Without the images, print every line of the material below exactly as given.

» Given material:
------------------------------------

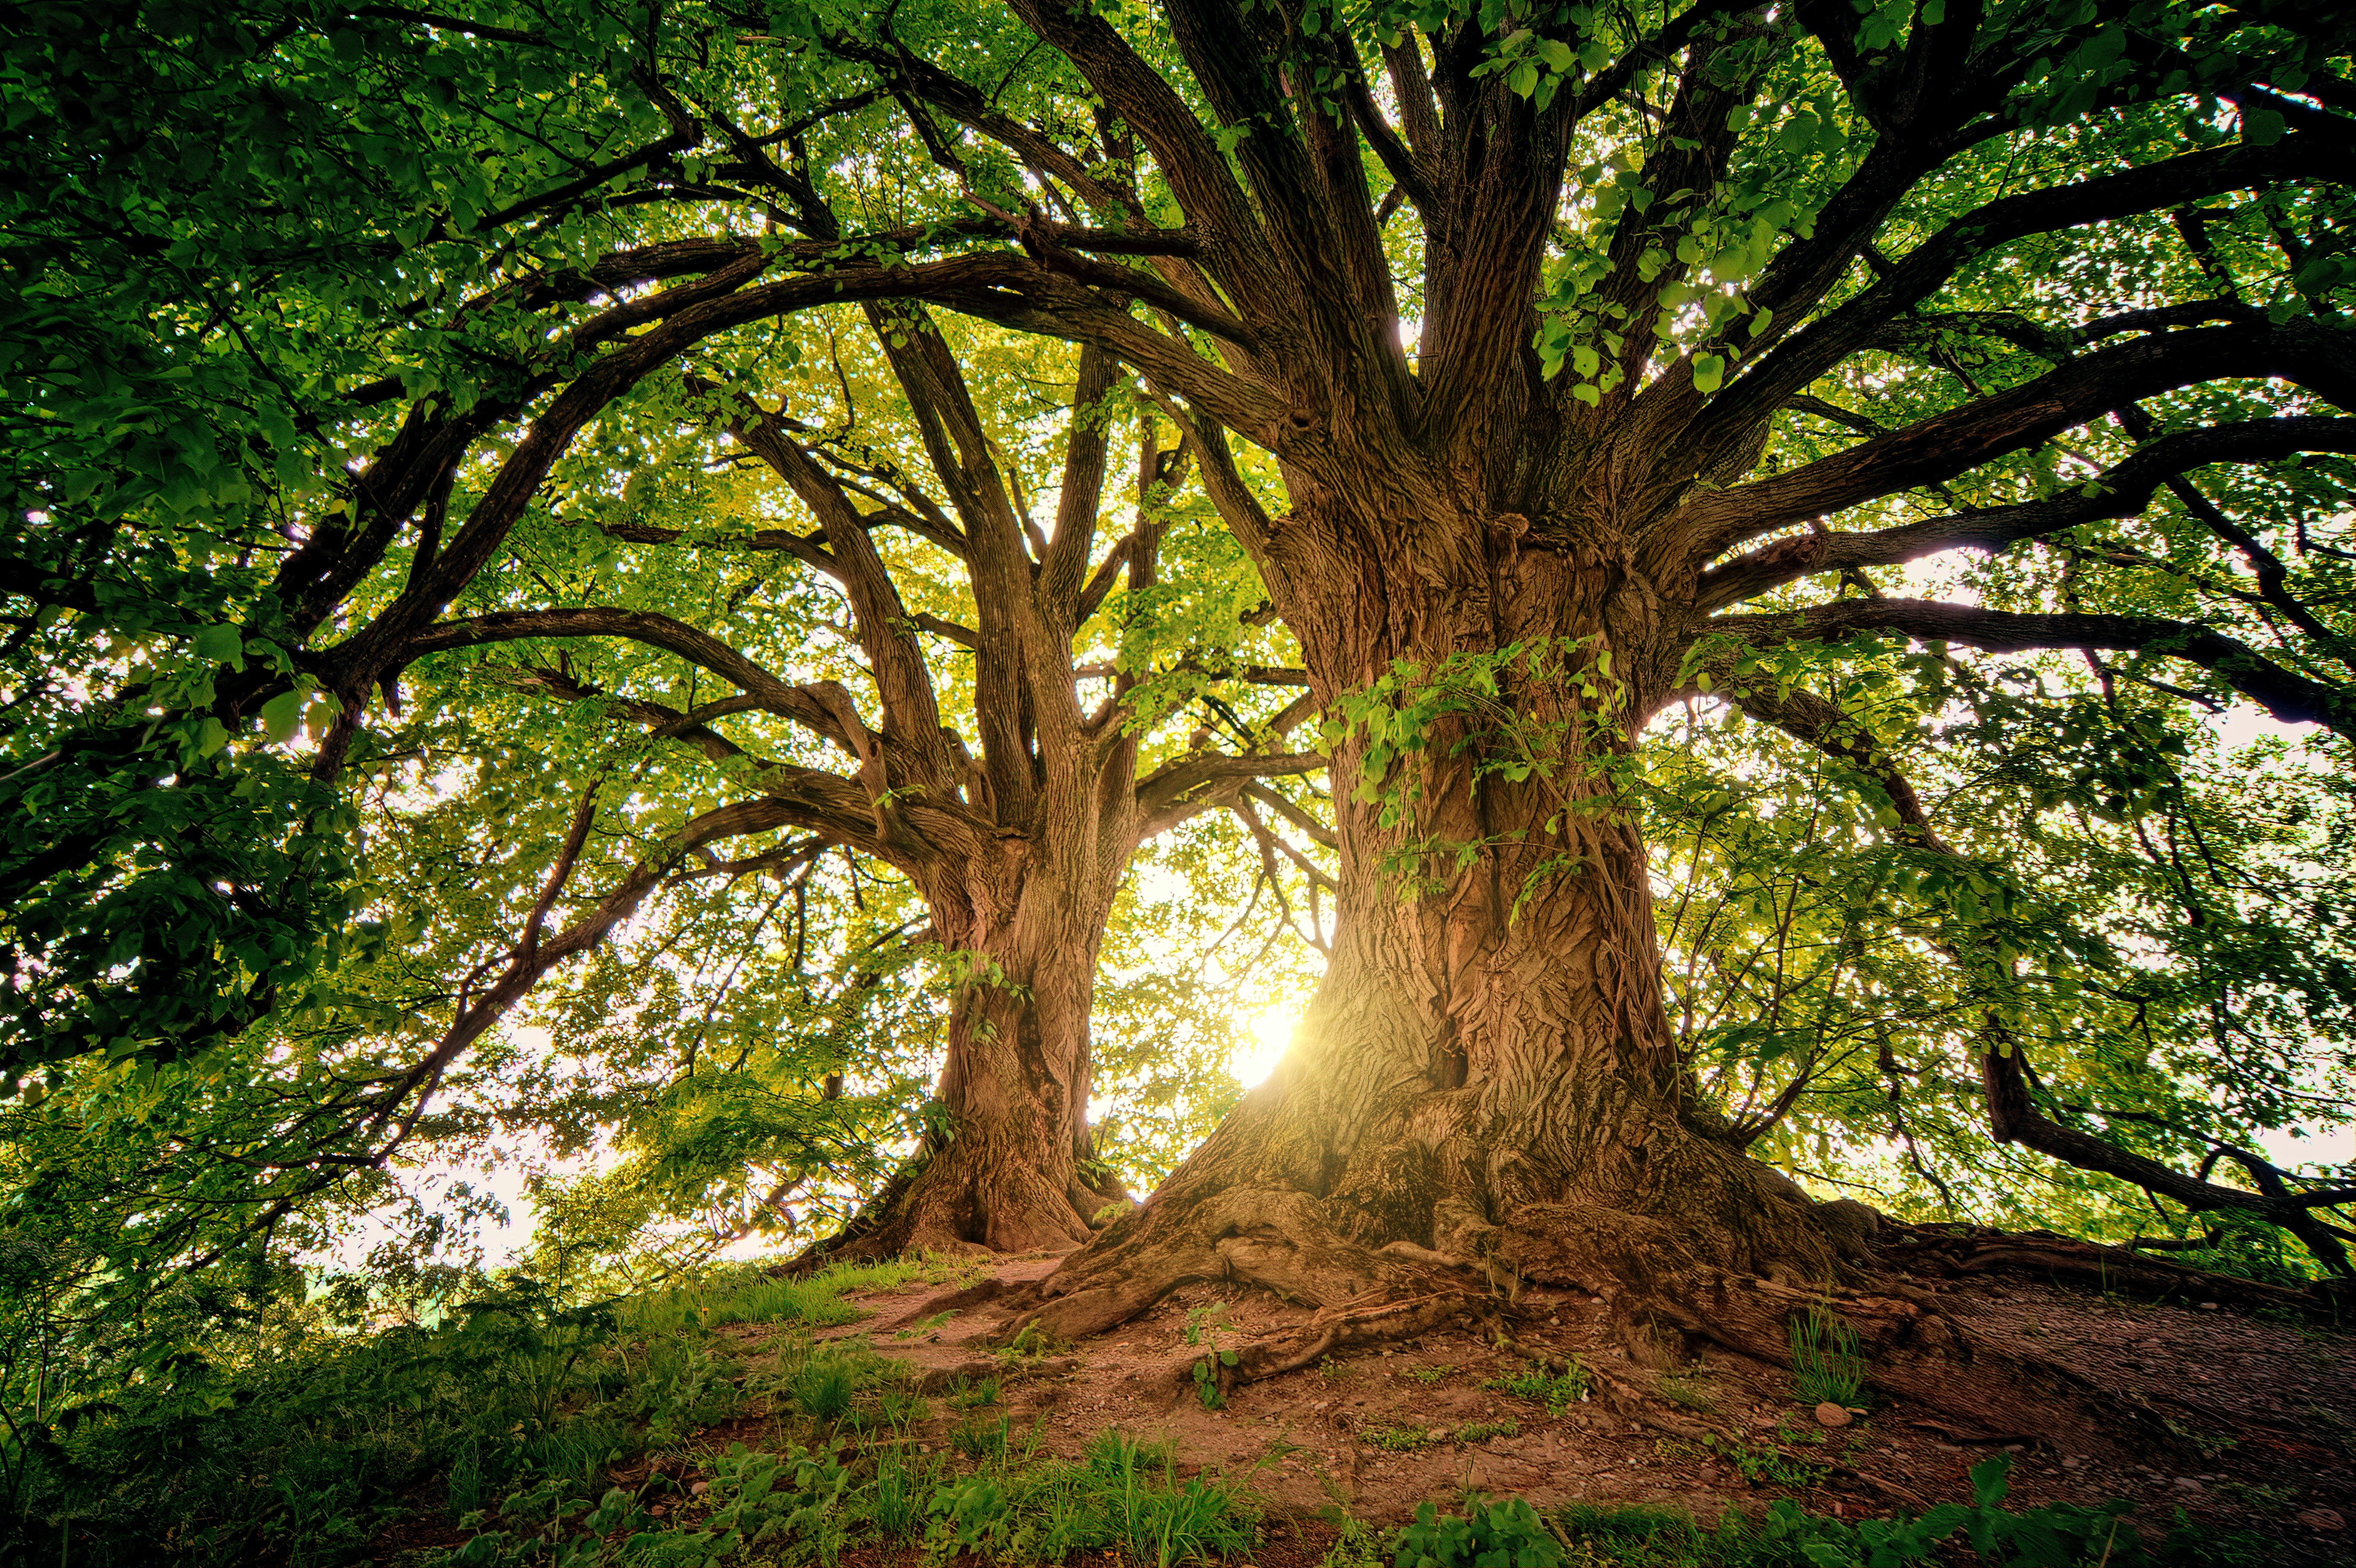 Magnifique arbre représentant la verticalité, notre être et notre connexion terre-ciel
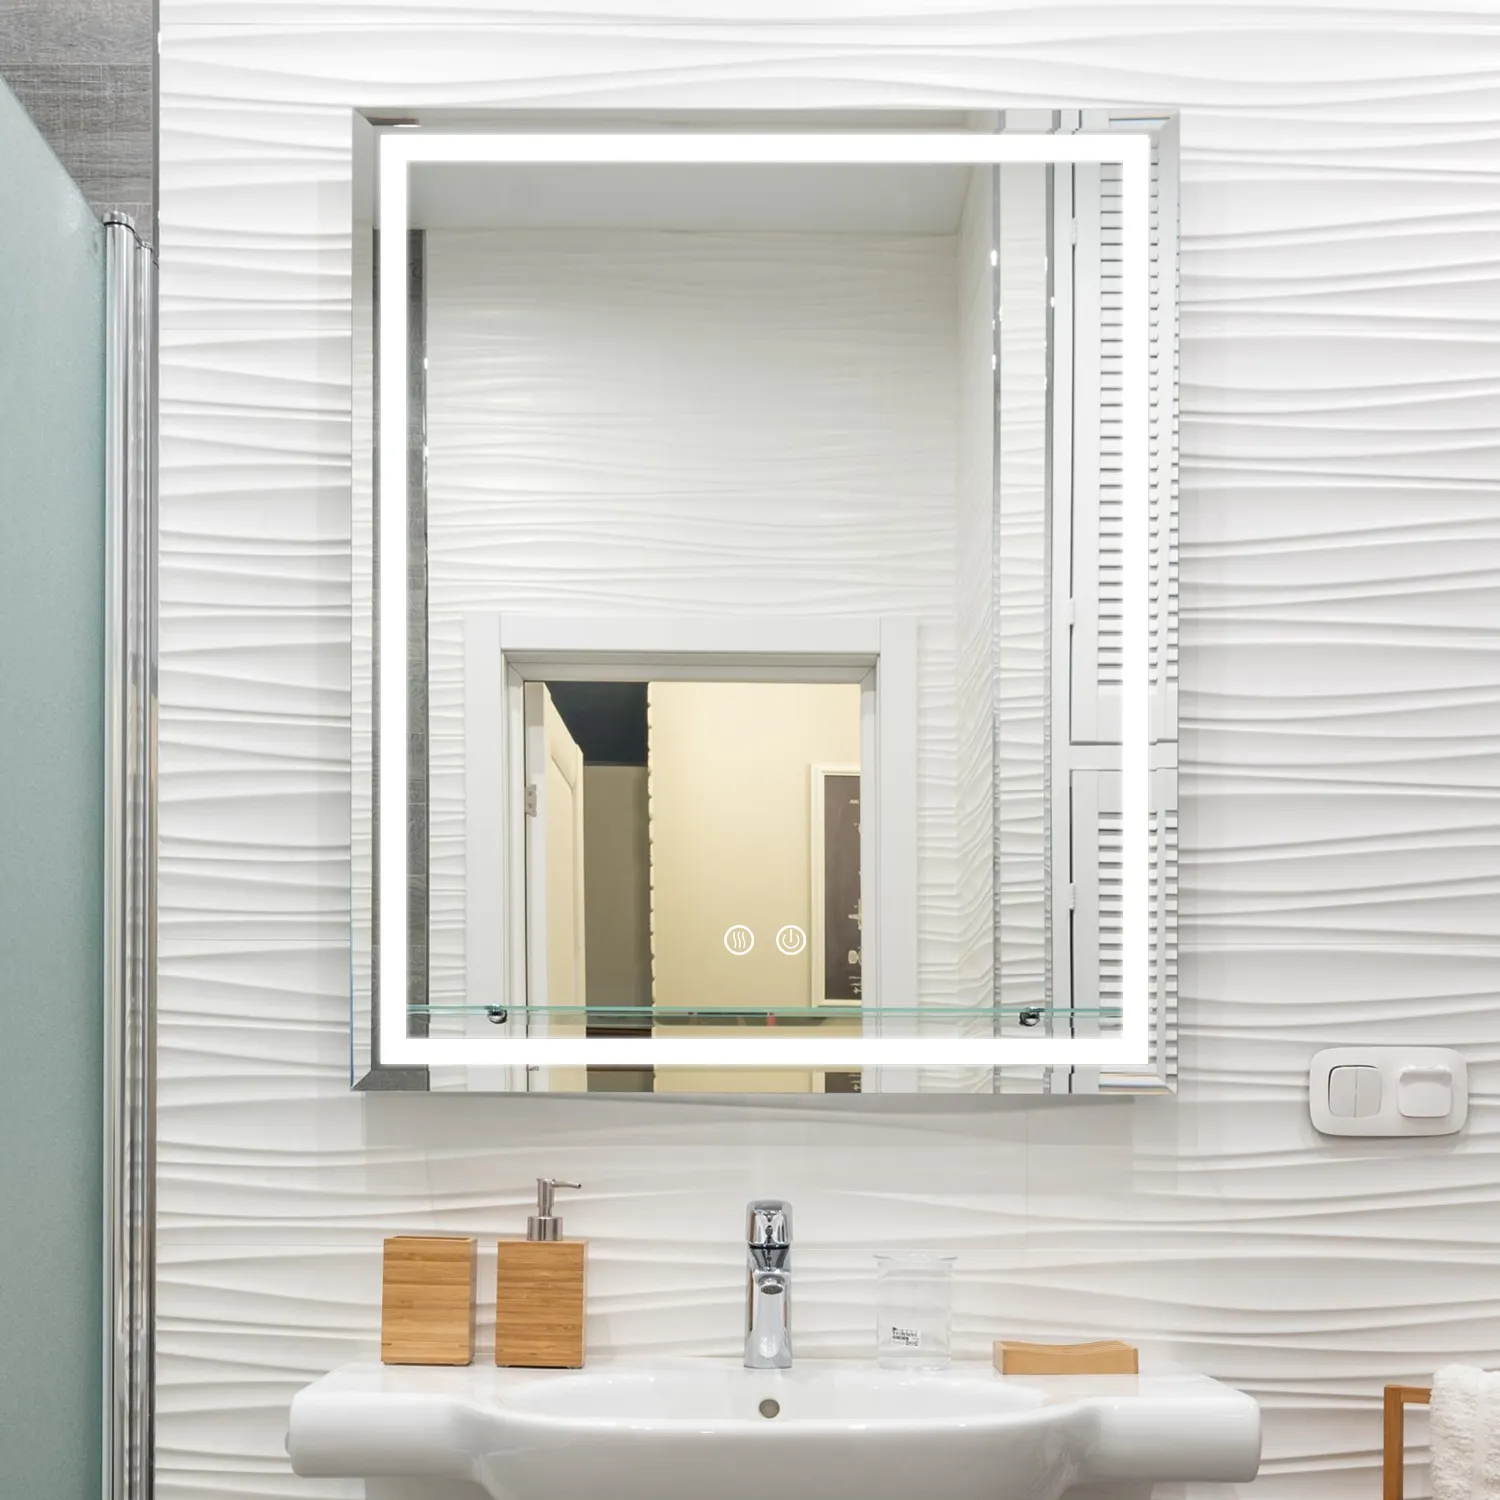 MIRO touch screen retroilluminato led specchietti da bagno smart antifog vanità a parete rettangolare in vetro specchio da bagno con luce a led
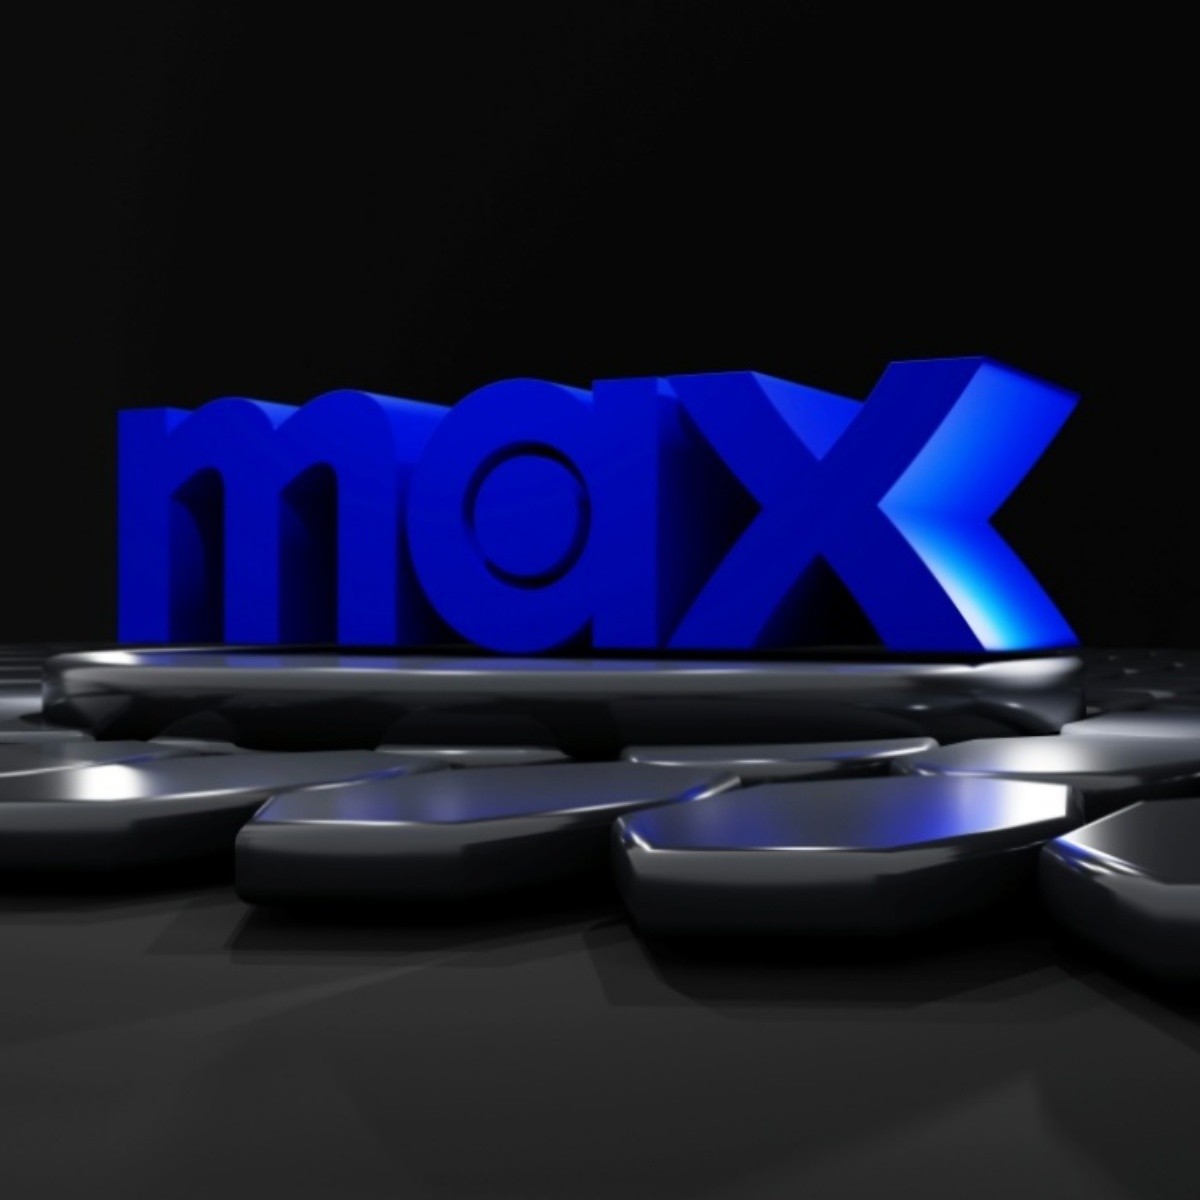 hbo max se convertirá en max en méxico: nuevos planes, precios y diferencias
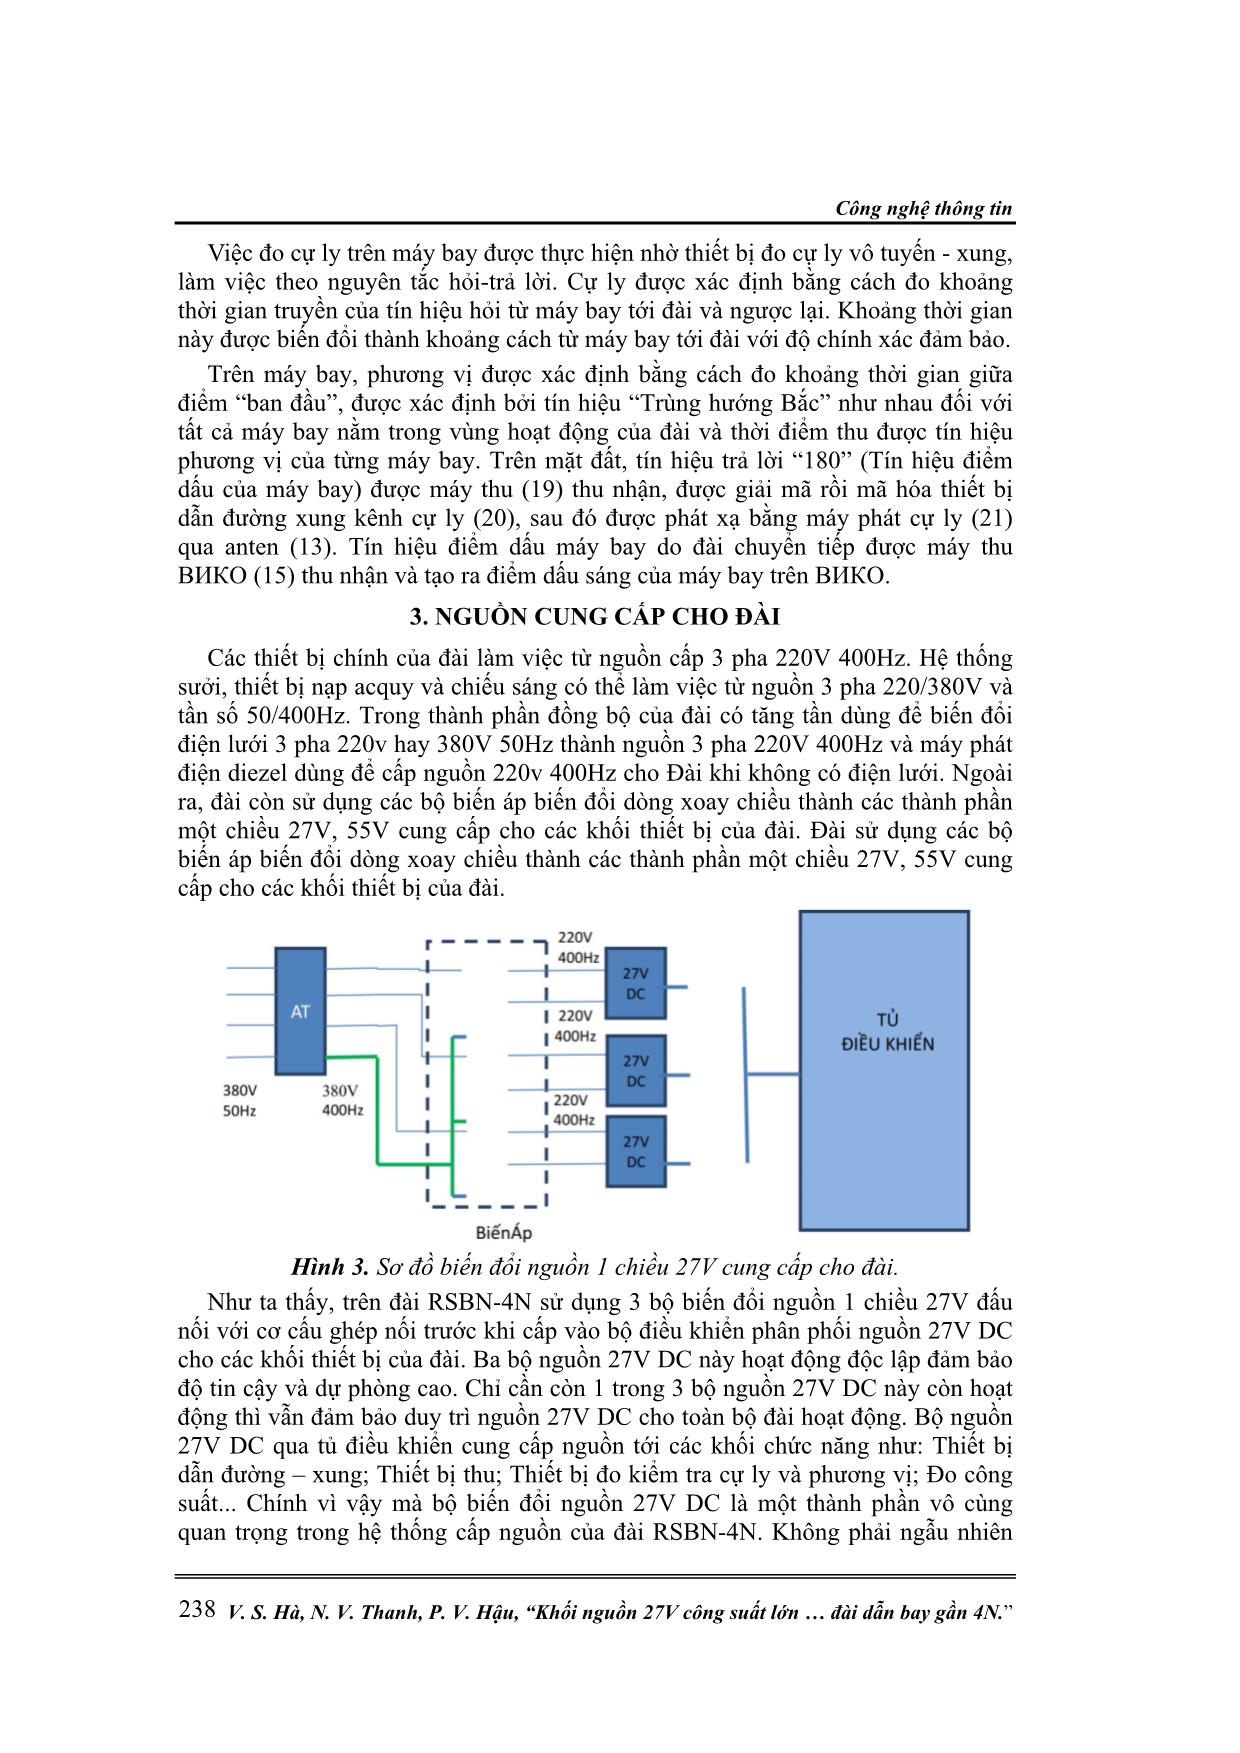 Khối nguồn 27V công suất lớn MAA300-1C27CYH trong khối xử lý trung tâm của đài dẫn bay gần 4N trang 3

------------------------------------

» Solution for this exercise:
 Magnifique arbre représentant la verticalité, notre être et notre connexion terre-ciel
 MIRO touch screen retroilluminato led specchietti da bagno smart antifog vanità a parete rettangolare in vetro specchio da bagno con luce a led
 hbo max se convertirá en max en méxico: nuevos planes, precios y diferencias
 Khối nguồn 27V công suất lớn MAA300-1C27CYH trong khối xử lý trung tâm của đài dẫn bay gần 4N trang 3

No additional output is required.